Good news for animal lovers

Dick Skellington reports on one piece of Government legislation that is definitely worthwhile 

cartoon by Catherine Pain
Good news has been hard to find in 2013. Even harder to find has been universal acclaim for a piece of Government draft legislation. But the news that the Coalition is to ban the use of wild and exotic animals in circuses from 2015 is good news for animals and animal lovers across the land. You can download details of the draft bill here.
 
The publicity given to the cruel treatment of Anne, an Asian elephant, was one of the factors which persuaded Ministers that a ban was now long overdue. The elephant was secretly filmed by the Animal Defenders International (ADI) chained to the ground. Footage posted on YouTube showed Anne being beaten with a pitchfork. Bobby Roberts, who ran Super Circus in Polebrook, Cambridgeshire, was convicted of failing to prevent an employee from repeatedly cruelly treating Anne.

The RSPCA welcomed the move and said it was vital that quick action was taken to end the suffering of animals working in circuses. A spokeswoman said: “What is important for us is that there is a clear deadline date for the ban and a proper retirement plan is put in place for the animals.

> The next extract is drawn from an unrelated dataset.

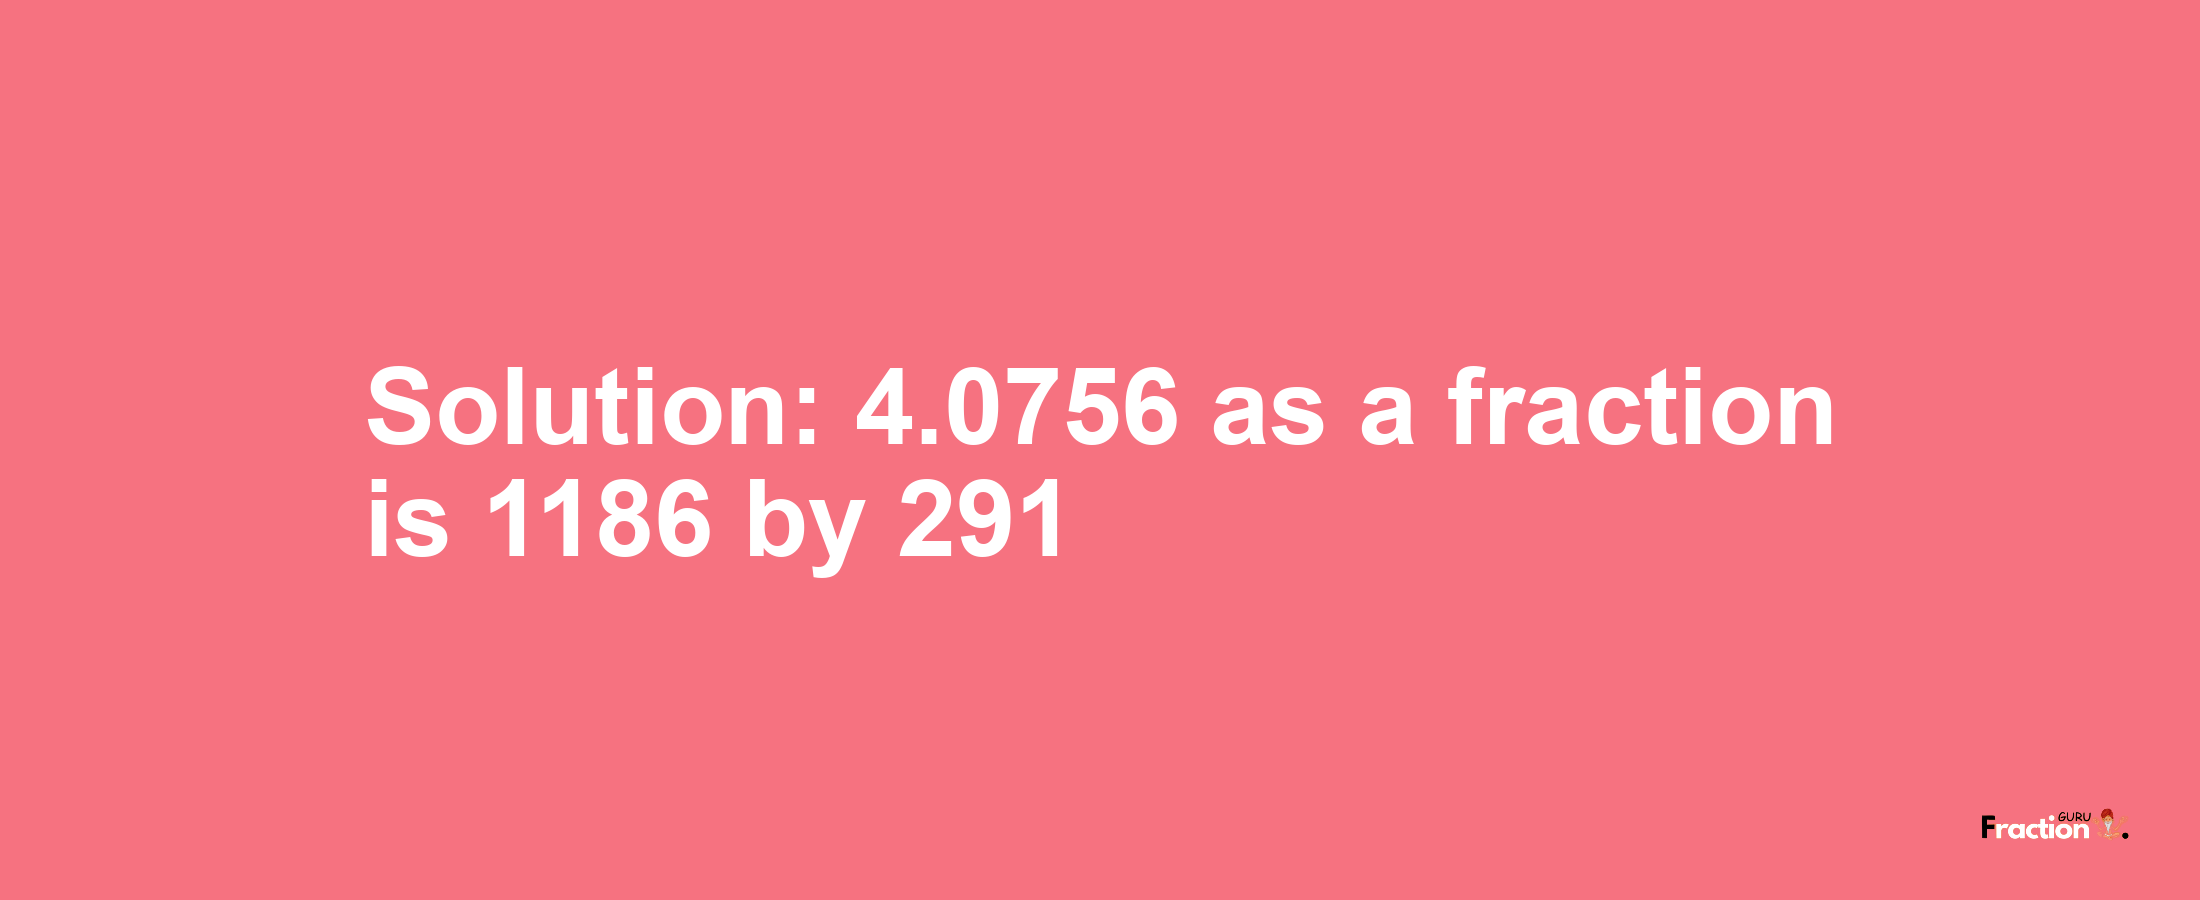 Solution:4.0756 as a fraction is 1186/291

There are huge welfare concerns involved with hauling circus animals like zebras, lions and tigers across the country for our entertainment.”  

It is estimated that across Britain there are 35 wild animals being used in the only two circuses still operating.  You may see some when the travelling menageries visit your local park this summer. The hope is that in the interim period wild animals will be not exposed to any further mistreatment.

A spokeswoman for the Department for Environment, Food and Rural Affairs said: “We announced in March 2012 that it was our intention to ban the use of wild animals in travelling circuses and we are now working towards bringing in a Bill to achieve this."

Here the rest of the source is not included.